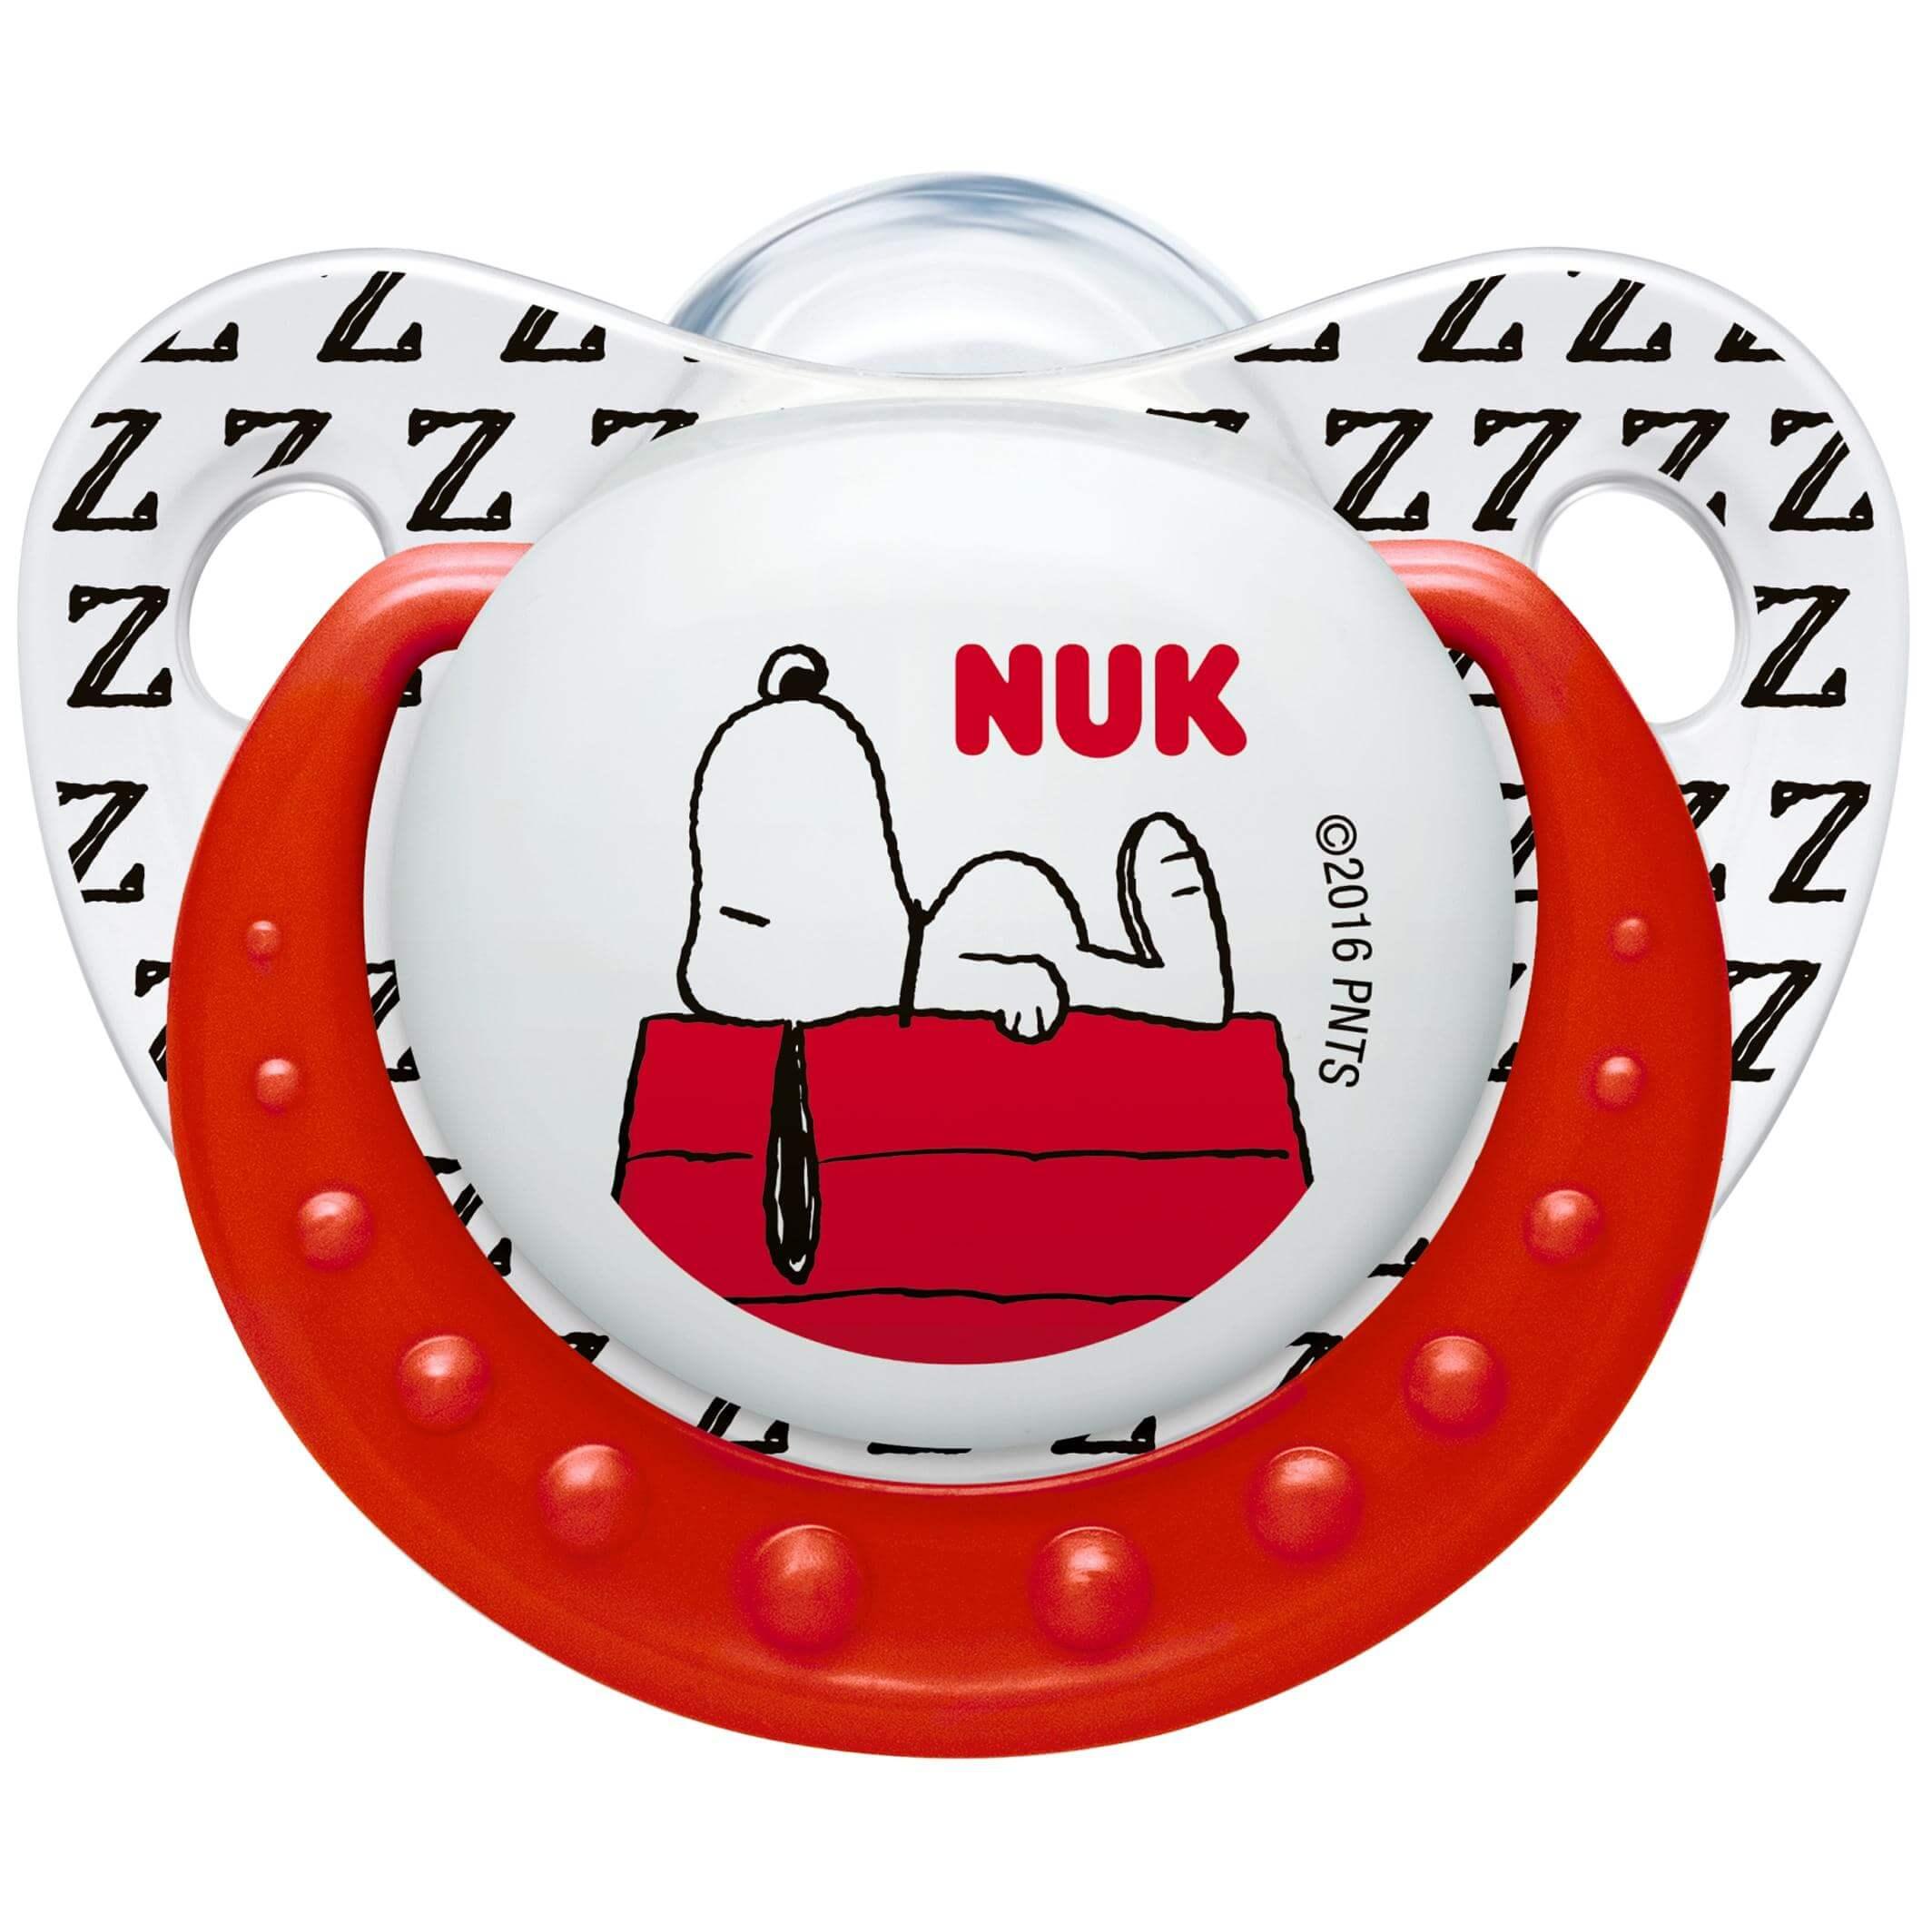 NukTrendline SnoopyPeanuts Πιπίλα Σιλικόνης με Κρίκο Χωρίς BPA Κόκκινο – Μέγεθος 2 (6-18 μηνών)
• • • •
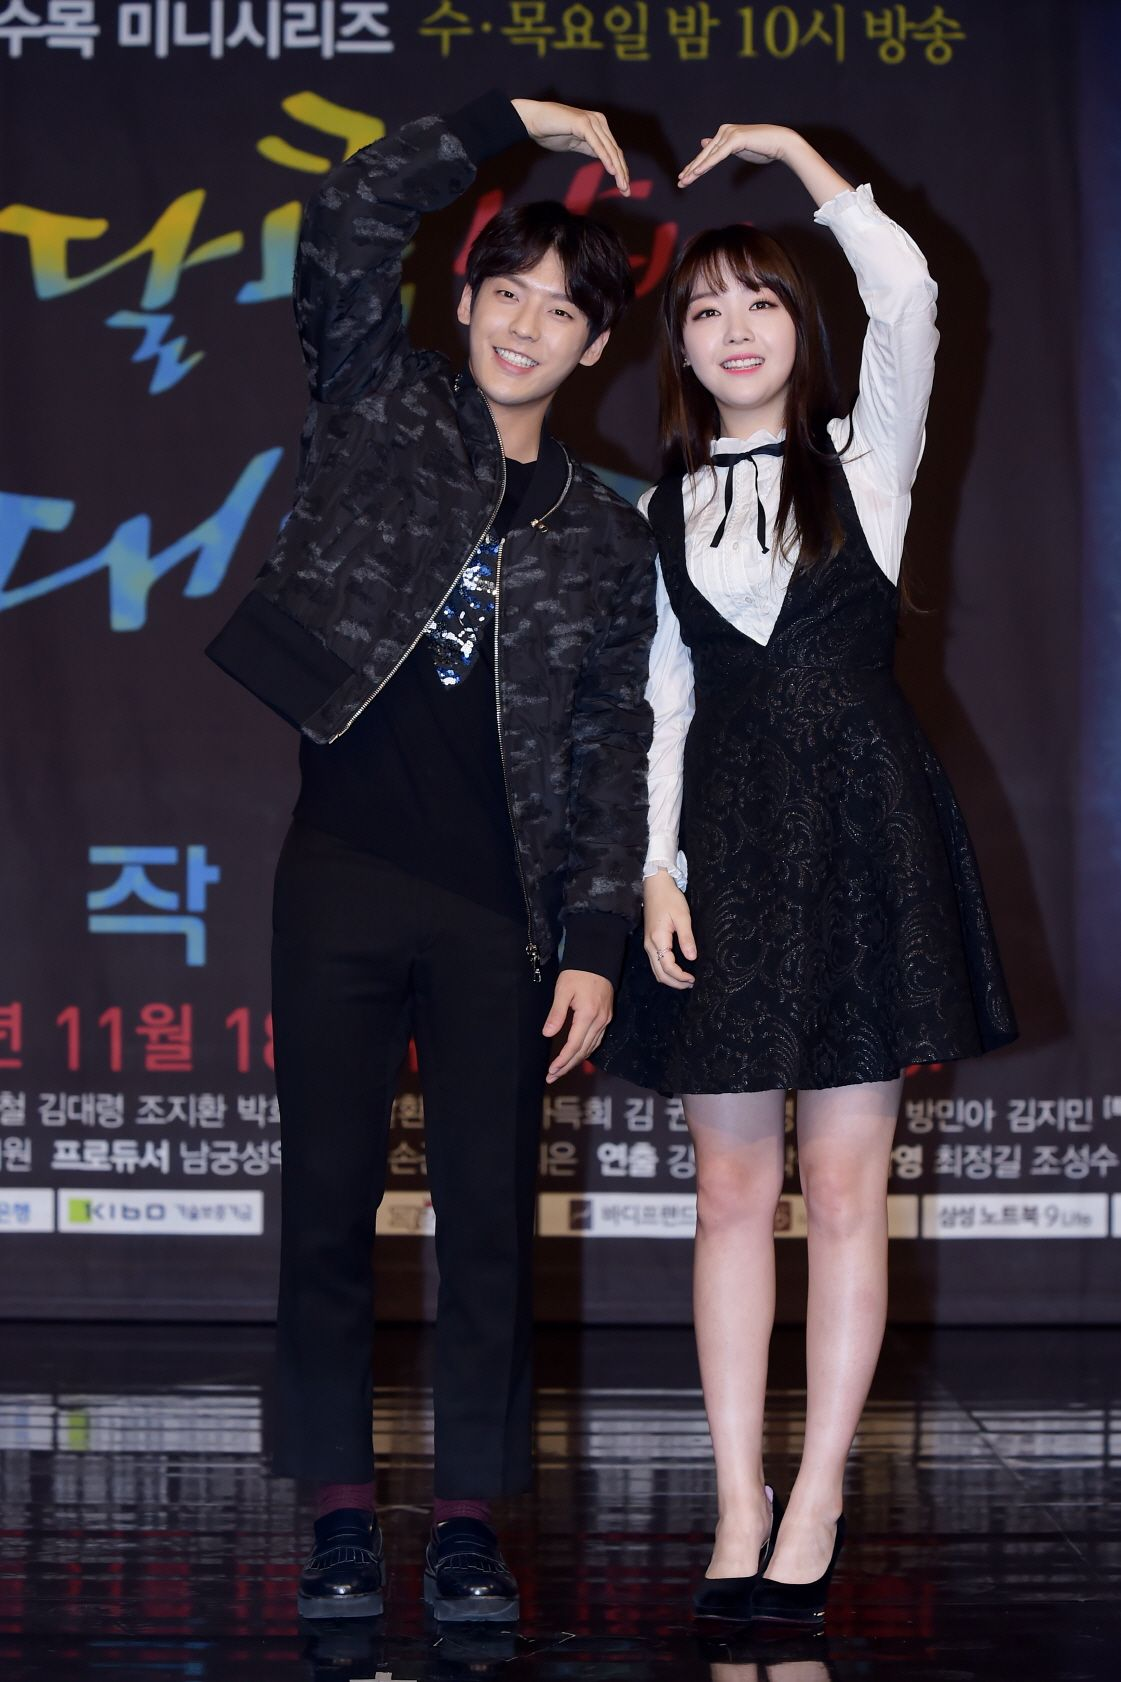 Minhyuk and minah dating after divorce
• • • •
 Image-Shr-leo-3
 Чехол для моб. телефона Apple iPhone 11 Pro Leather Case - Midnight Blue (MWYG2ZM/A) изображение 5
• • • •
» PROBLEM STATEMENT
For this task, write out exactly the lines of the entries above, starting at the line with "Image-Shr-leo-3" and ending at the line with "Чехол для моб.", both included, and no others.

» RESPONSE FOR THIS EXERCISE
 Image-Shr-leo-3
 Чехол для моб. телефона Apple iPhone 11 Pro Leather Case - Midnight Blue (MWYG2ZM/A) изображение 5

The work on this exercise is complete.